Ma è anche vero che a questo punto qualunque alimento può finire sulla ‘lavagna dei buoni’ o su quella ‘dei cattivi’ a seconda del criterio che si usa. Un articolo su questo sito riportava la notizia che sotto un certo profilo (produzione di CO2 per caloria apportata) l’alimento migliore è lo zucchero e il peggiore è l’insalata, mentre se guardiamo alle richieste di una dieta sana è certamente vero il contrario.
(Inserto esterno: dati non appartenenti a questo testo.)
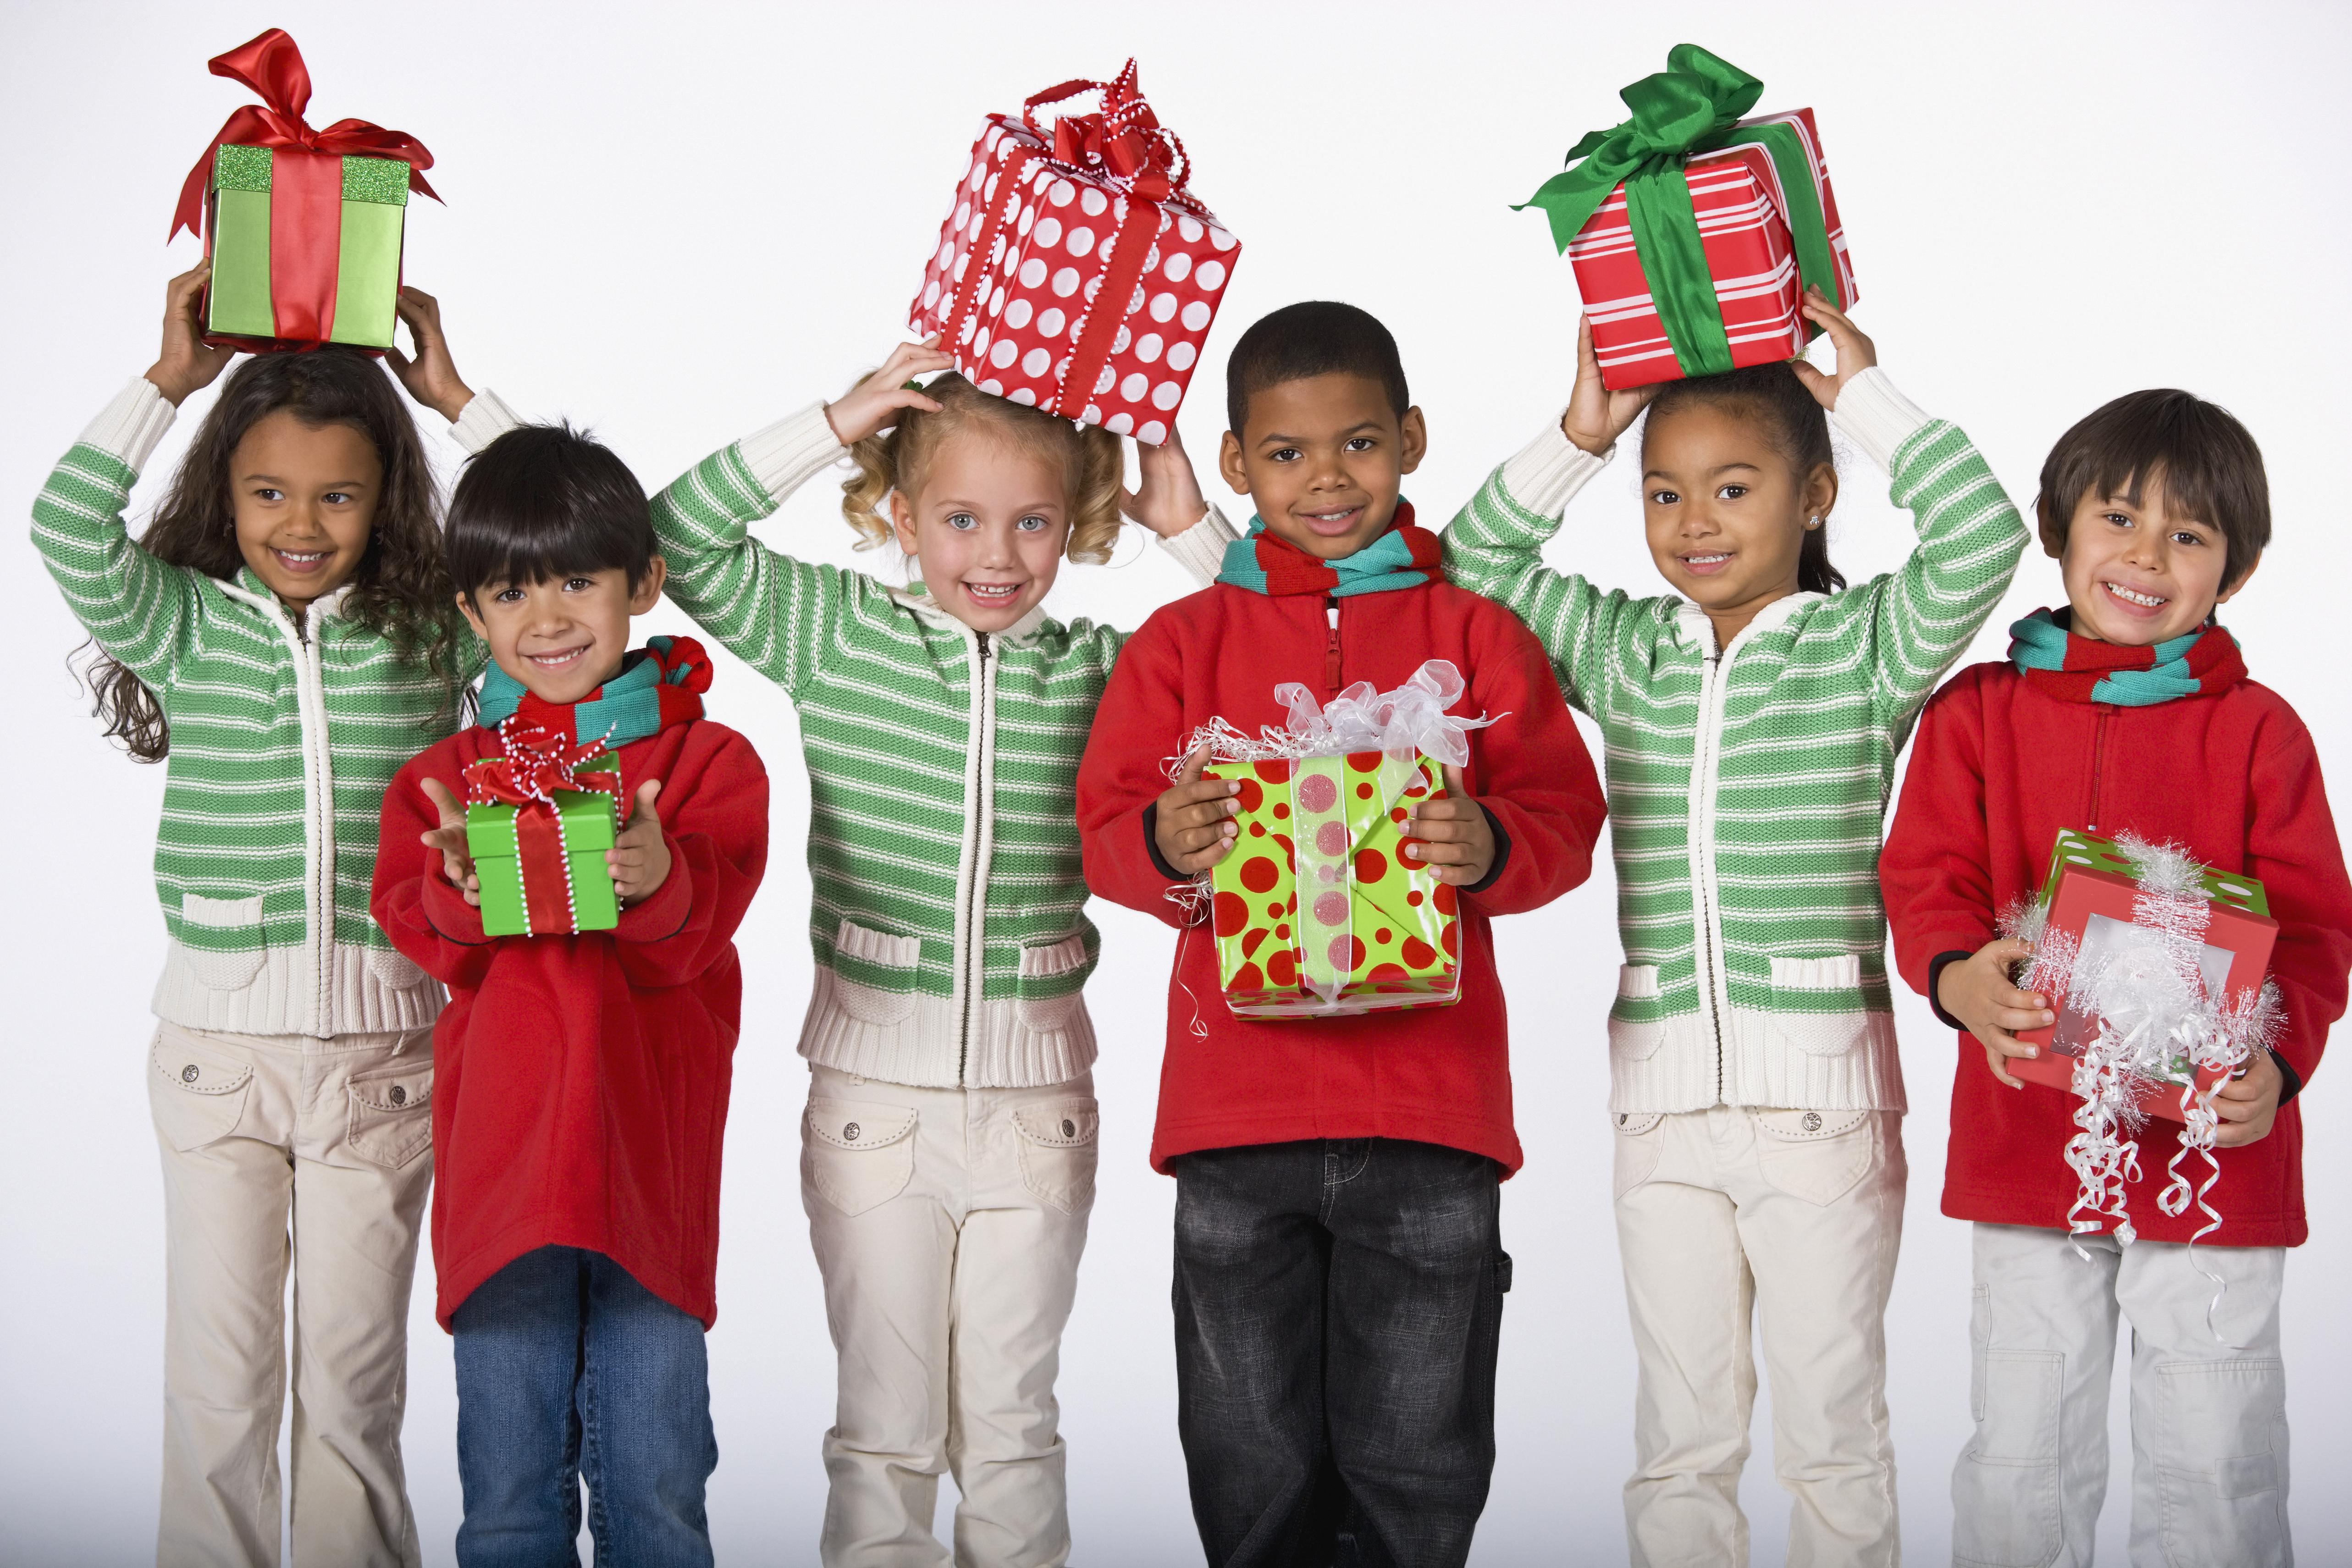 Multi-ethnic children holding Christmas gifts

Priorità quindi, senza le quali risulta pressochè impossibile condividere strategie realmente efficaci per la nostra salute e per quella dell’ambiente, commenta il professor Lucchin promotore del Manifesto delle criticità in nutrizione clinica e preventiva in occasione di EXPO 2015. «I medici, però, di rado hanno la formazione necessaria, assente nel corso di studi, e gli specialisti ospedalieri sono pochi, con trend in diminuzione».

In mancanza di riferimenti ci può aiutare il buon senso. Lucchin fa un esempio: «Poniamo di arrivare su un pianeta nuovo o su un isola deserta lontana dalle nostre latitudini. Dobbiamo mangiare: Cosa faremo? Proviamo ad addentare quello che la natura ci offre per vedere se è commestibile e se ha un sapore accettabile o gradevole. La prima funzione del cibo è infatti quella di alimentarci e possibilmente nutrirci. Questo sembra ovvio ma non lo è. Da appartenenti alla razza umana ‘teniamo’ per la razza umana: gli animali e le piante sono per noi potenzialmente cibo».
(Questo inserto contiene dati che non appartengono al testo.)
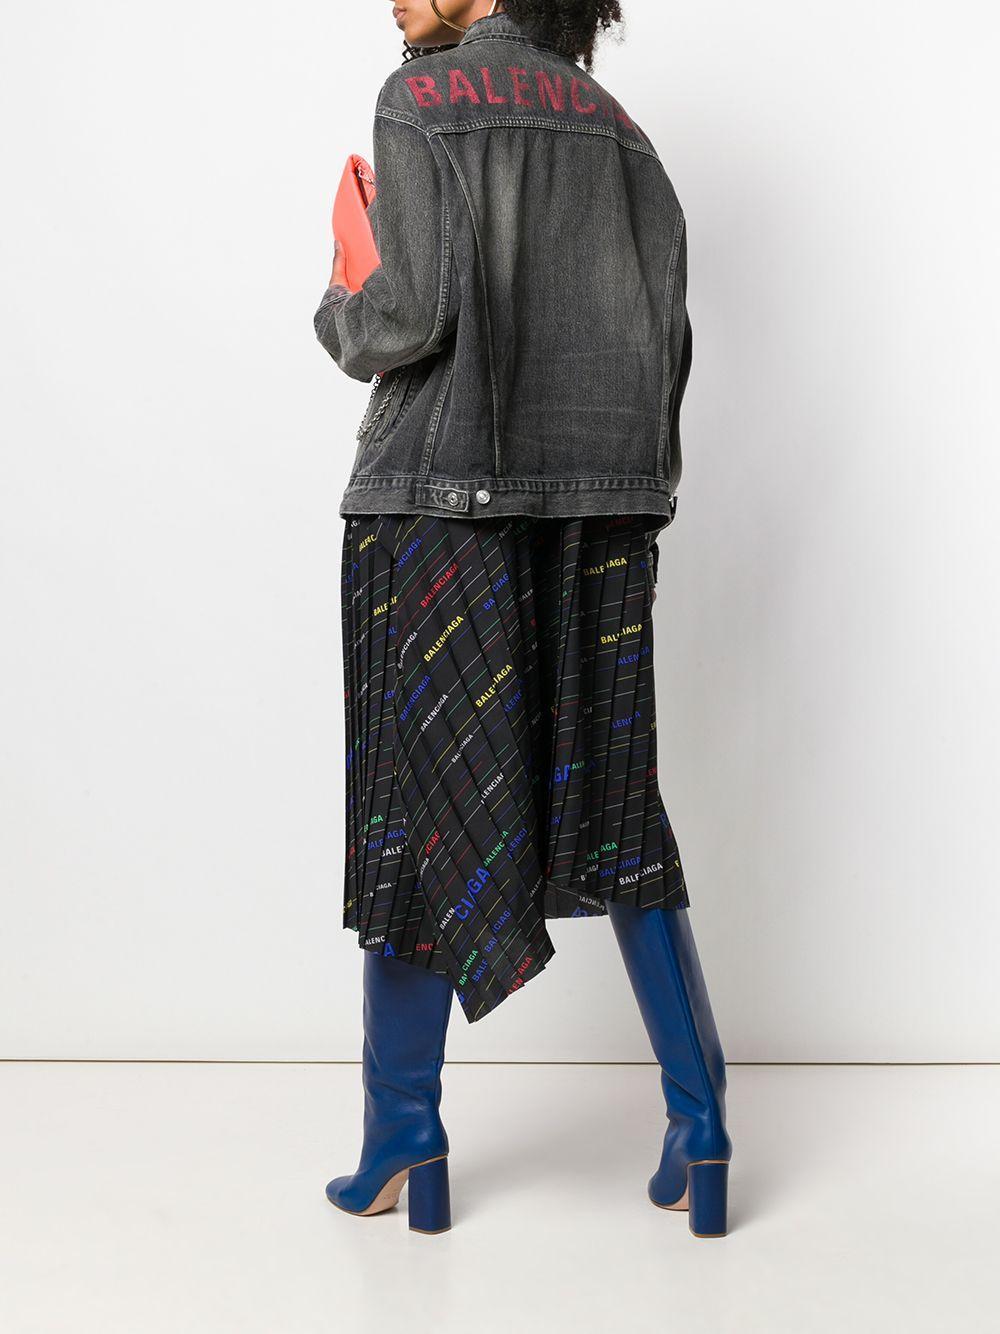 ee00630480aba4 Lyst - Balenciaga Logo Denim Jacket in Gray

Dal punto di vista della gallina o del maiale o delle fragole le cose possono apparire in modo diverso ma tant’è. Torniamo al nostro astronauta o naufrago. «Dopo aver identificato un possibile cibo lo si mette in bocca e si effettua una valutazione organolettica: ”è buono o no?” Se apprezzato è molto probabile ci si chieda “quanto posso mangiarne senza stare male? Ci sono in questo alimento sostanze che possono danneggiare la mia salute”. E per rispondere a questa priorità bisogna conoscere la composizione degli alimenti. Il che significa che tutte le informazioni relative da una parte alla composizione degli alimenti, dall’altra alla composizione di una dieta equilibrata rivestono un ordine di importanza alto».
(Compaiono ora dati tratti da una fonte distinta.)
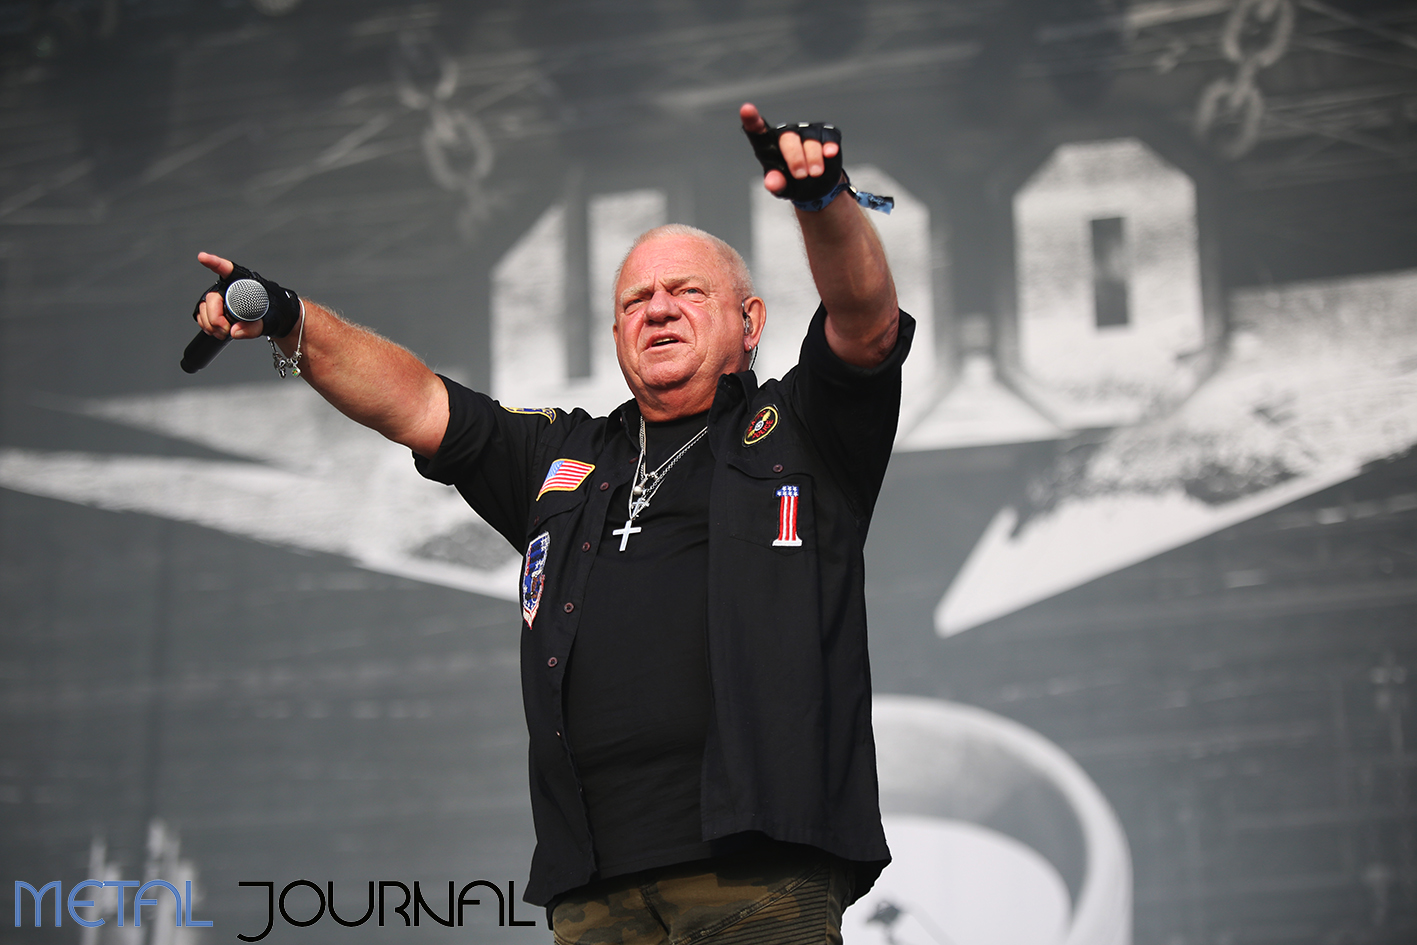 udo - metal journal rock fest barcelona 2019 pic 6

Tutto il resto riveste un livello di importanza successivo, secondo la voluta provocazione del nutrizionista bolzanino, che ha scritto oltre 200 articoli scientifici e quattro volumi tra cui: Alla ricerca del giusto peso e La Dieta mediterranea fra mito e realtà.

«Mi spiego: la salama da sugo ferrarese è una ricetta antica e tradizionale, è prodotta probabilmente nel migliore dei modi da allevatori e artigiani correttamente retribuiti, è quasi a Km zero ed è un elemento della nostra cultura nord italiana. Ma se ne mangio un etto al giorno per un anno non mi fa un effetto poi così diverso dall’esecratissimo panino del fast food! Posso alimentarmi benissimo o malissimo vivendo di alimenti ‘biologici’ e teoricamente posso costruire una dieta sana ed equilibrata a base di verdure che vengono dall’Africa, carne argentina e soia ogm cinese se in possesso di precise informazioni circa la modalità di allevamento/produzione e di composizione bromatologica. Ovviamente più ci si allontana da casa più è difficile avere tali notizie».

Il buon senso ancora una volta interviene come bussola in queste apparenti contraddizioni «Posto che devo alimentarmi e non eccessivamente, posto che mi conviene una dieta equilibrata con il giusto apporto di carboidrati grassi proteine e fibre e micronutrienti, ho spazio per definire meglio la mia scelta privilegiando tutti gli altri aspetti», conclude Lucio Lucchin, «ed essere buongustaio, custode della tradizione culinaria, ecologista convinto come io peraltro sono. Ma senza invertire l’ordine delle priorità perché in questo caso al contrario di quel che ci hanno detto a scuola, la somma cambia eccome!».